LIMSI-CNRS, France.
J Am Med Inform Assoc. 2010 Sep-Oct;17(5):555-8. doi: 10.1136/jamia.2010.003962.
While essential for patient care, information related to medication is often written as free text in clinical records and, therefore, difficult to use in computerized systems. This paper describes an approach to automatically extract medication information from clinical records, which was developed to participate in the i2b2 2009 challenge, as well as different strategies to improve the extraction.
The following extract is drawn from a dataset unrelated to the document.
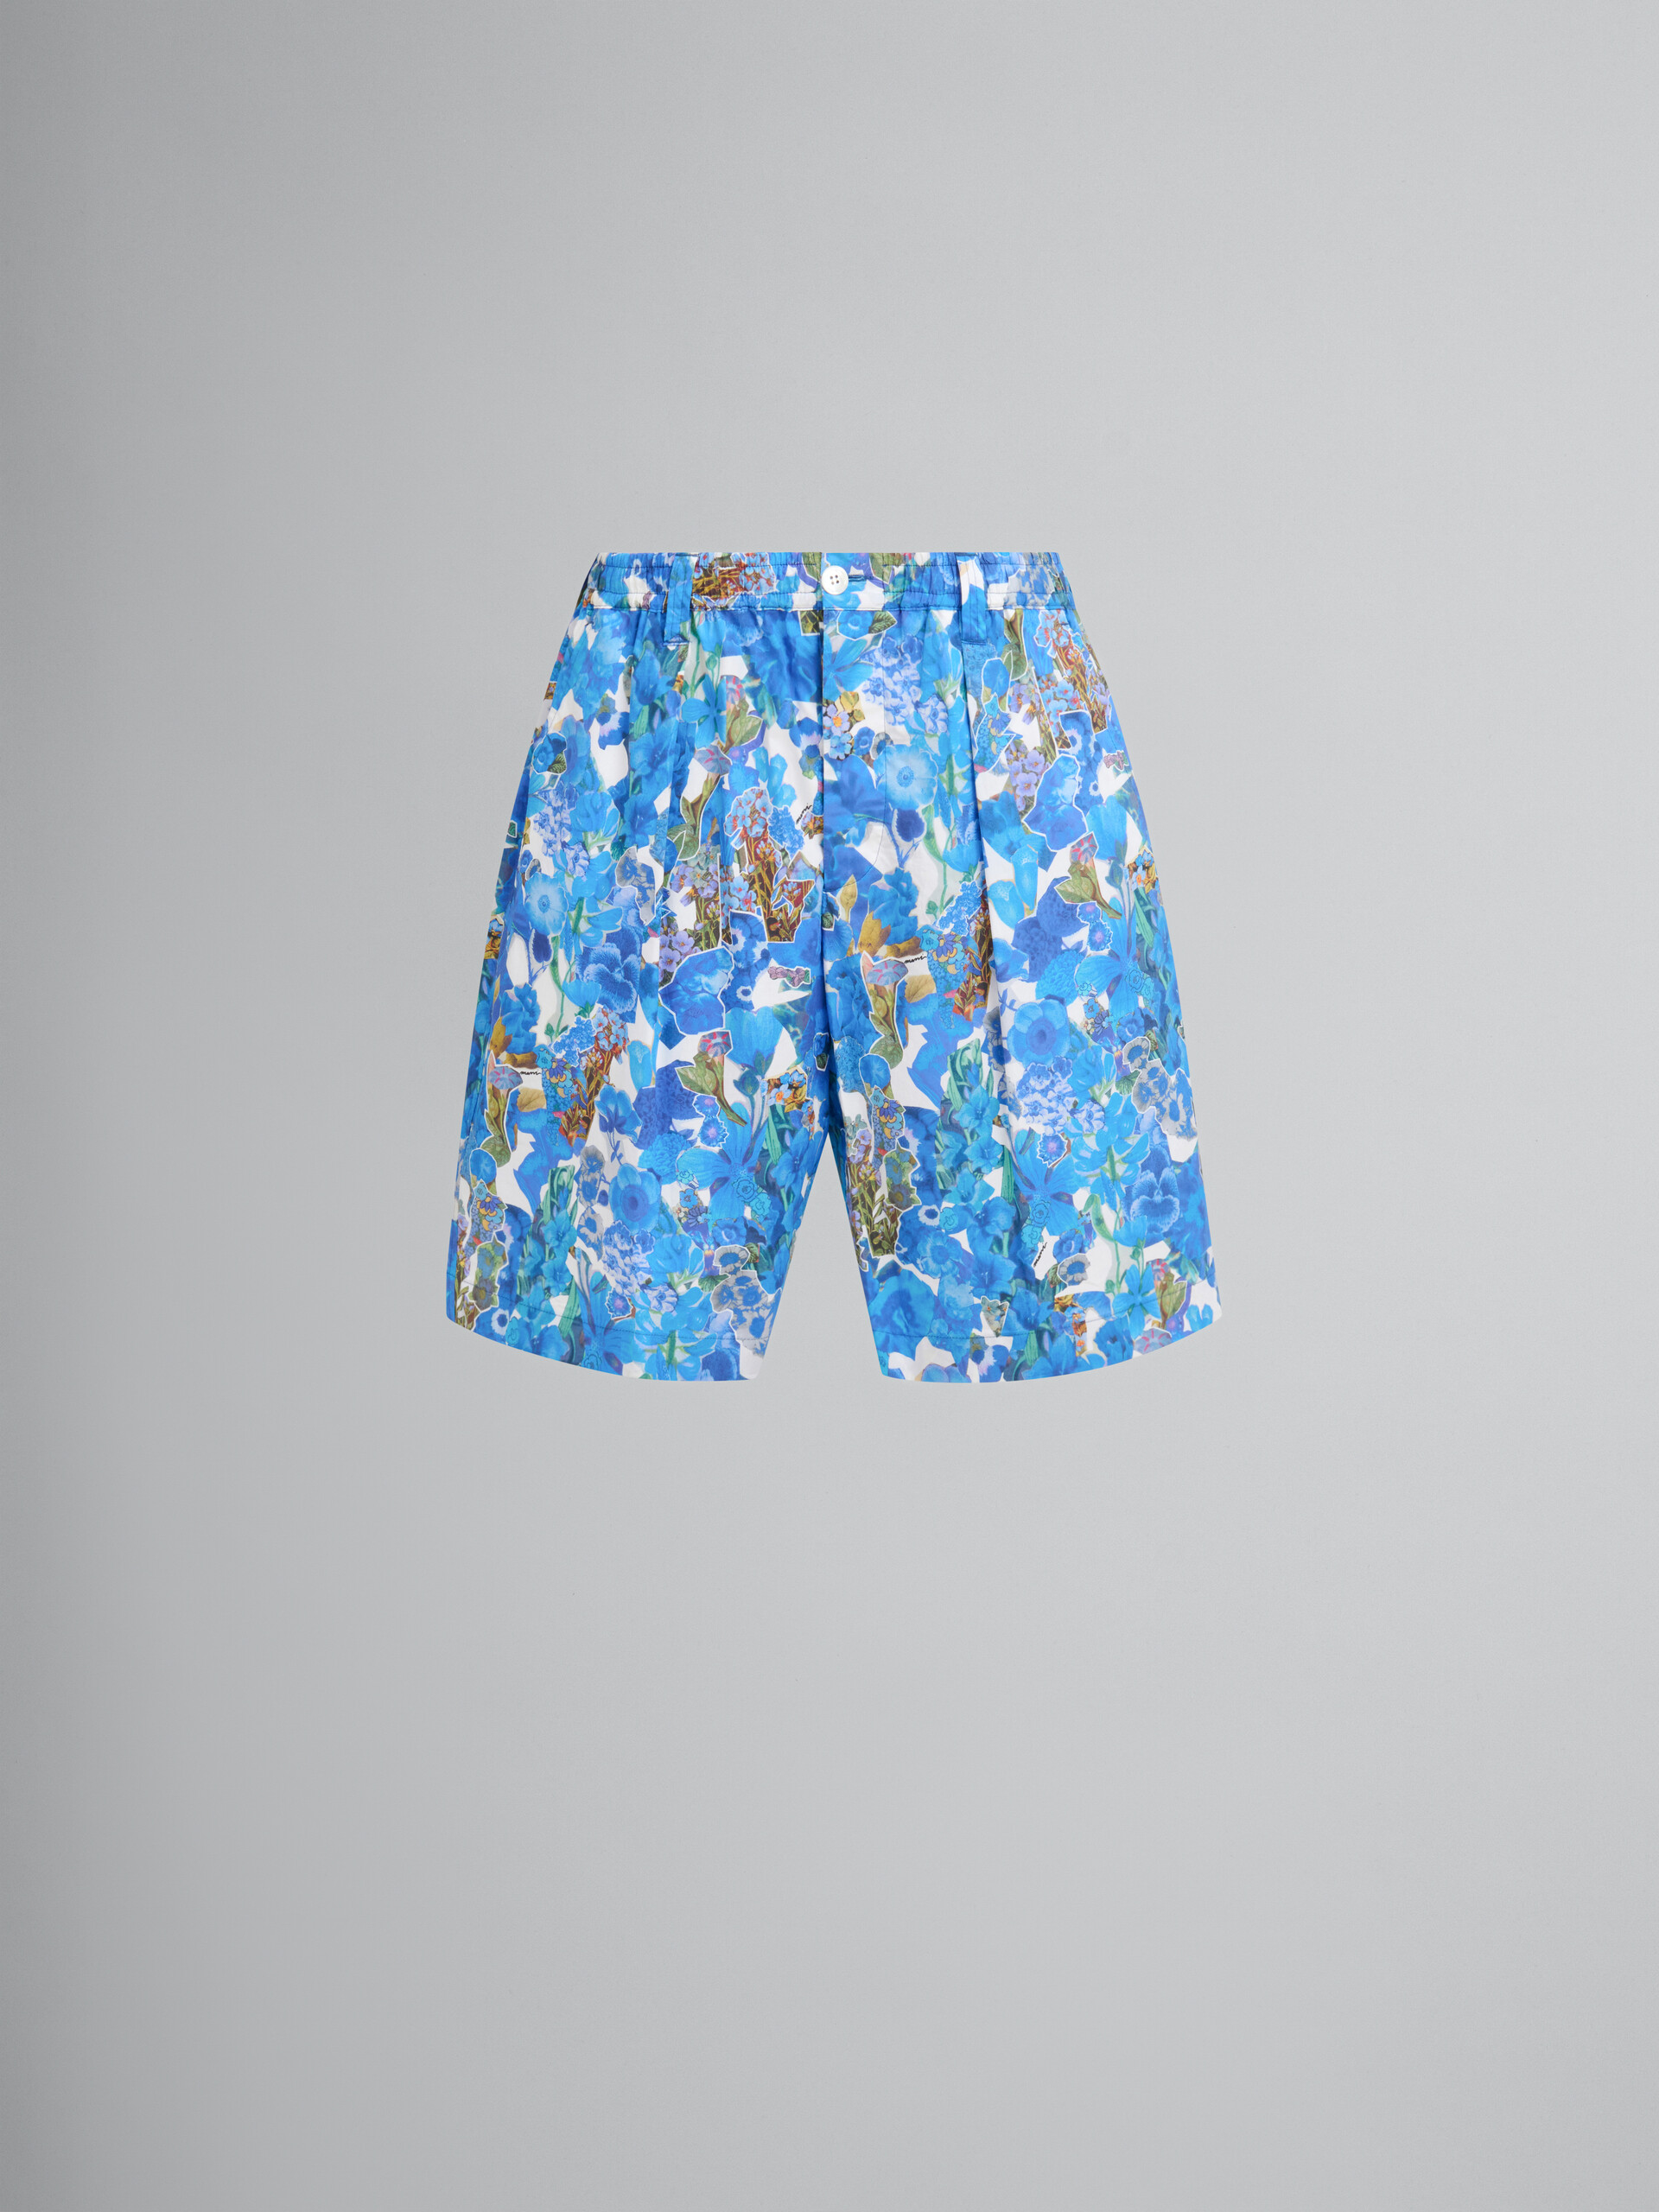 Cotton drawstring shorts with Allegro Blues print - Pants - Image 1
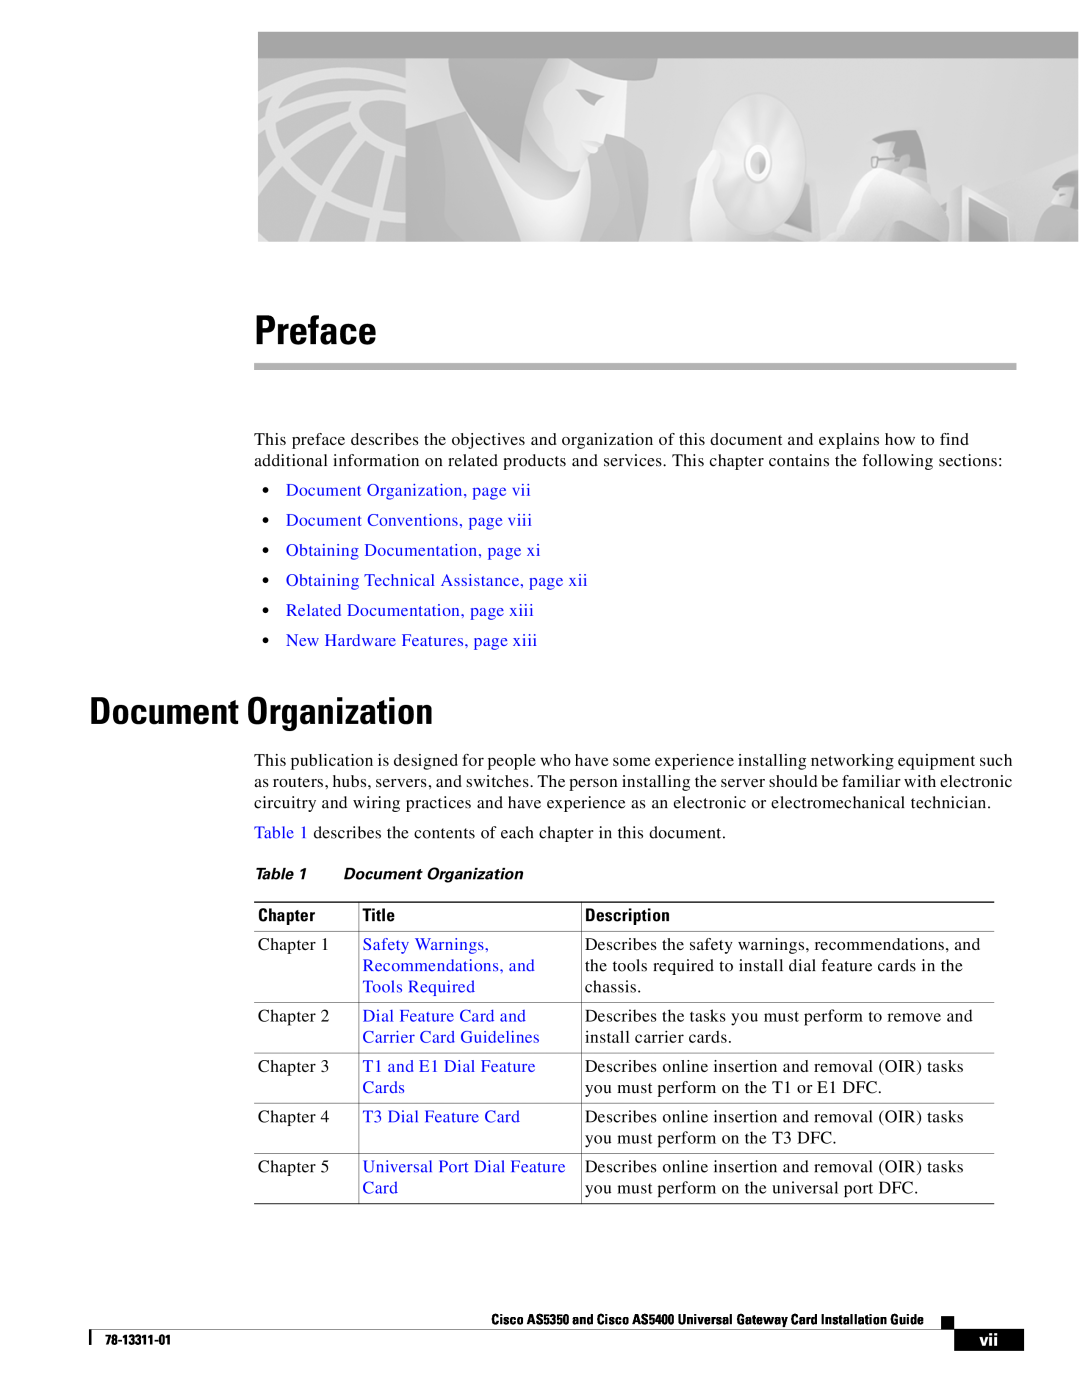 Cisco Systems AS5400 Preface, Document Organization, page Document Conventions, page, Chapter, Title, Description

Our approach relies on a semantic lexicon and extraction rules as a two-phase strategy: first, drug names are recognized and, then, the context of these names is explored to extract drug-related information (mode, dosage, etc) according to rules capturing the document structure and the syntax of each kind of information. Different configurations are tested to improve this baseline system along several dimensions, particularly drug name recognition-this step being a determining factor to extract drug-related information. Changes were tested at the level of the lexicons and of the extraction rules.
The initial system participating in i2b2 achieved good results (global F-measure of 77%). Further testing of different configurations substantially improved the system (global F-measure of 81%), performing well for all types of information (eg, 84% for drug names and 88% for modes), except for durations and reasons, which remain problematic.
This study demonstrates that a simple rule-based system can achieve good performance on the medication extraction task. We also showed that controlled modifications (lexicon filtering and rule refinement) were the improvements that best raised the performance.
尽管药物信息对于患者护理至关重要,但这些信息通常以临床记录中的自由文本形式呈现,因此难以在计算机化系统中使用。本文描述了一种从临床记录中自动提取药物信息的方法,该方法是为了参加 i2b2 2009 挑战赛而开发的,同时还介绍了不同的改进策略。
我们的方法依赖于语义词典和提取规则作为两阶段策略:首先识别药物名称,然后根据捕获文档结构和每种信息语法的规则探索这些名称的上下文,以提取与药物相关的信息(方式、剂量等)。测试了不同的配置以沿多个维度改进此基线系统,特别是药物名称识别——这是提取药物相关信息的决定性因素。在词汇和提取规则层面都进行了更改测试。
参与 i2b2 的初始系统取得了良好的结果(总体 F 度量为 77%)。进一步测试不同的配置大大提高了系统的性能(总体 F 度量为 81%),对于所有类型的信息(例如,药物名称为 84%,方式为 88%)都表现良好,除了持续时间和原因,这仍然是个问题。
本研究表明,简单的基于规则的系统可以在药物提取任务中取得良好的性能。我们还表明,受控修改(词汇过滤和规则细化)是提高性能的最佳改进方法。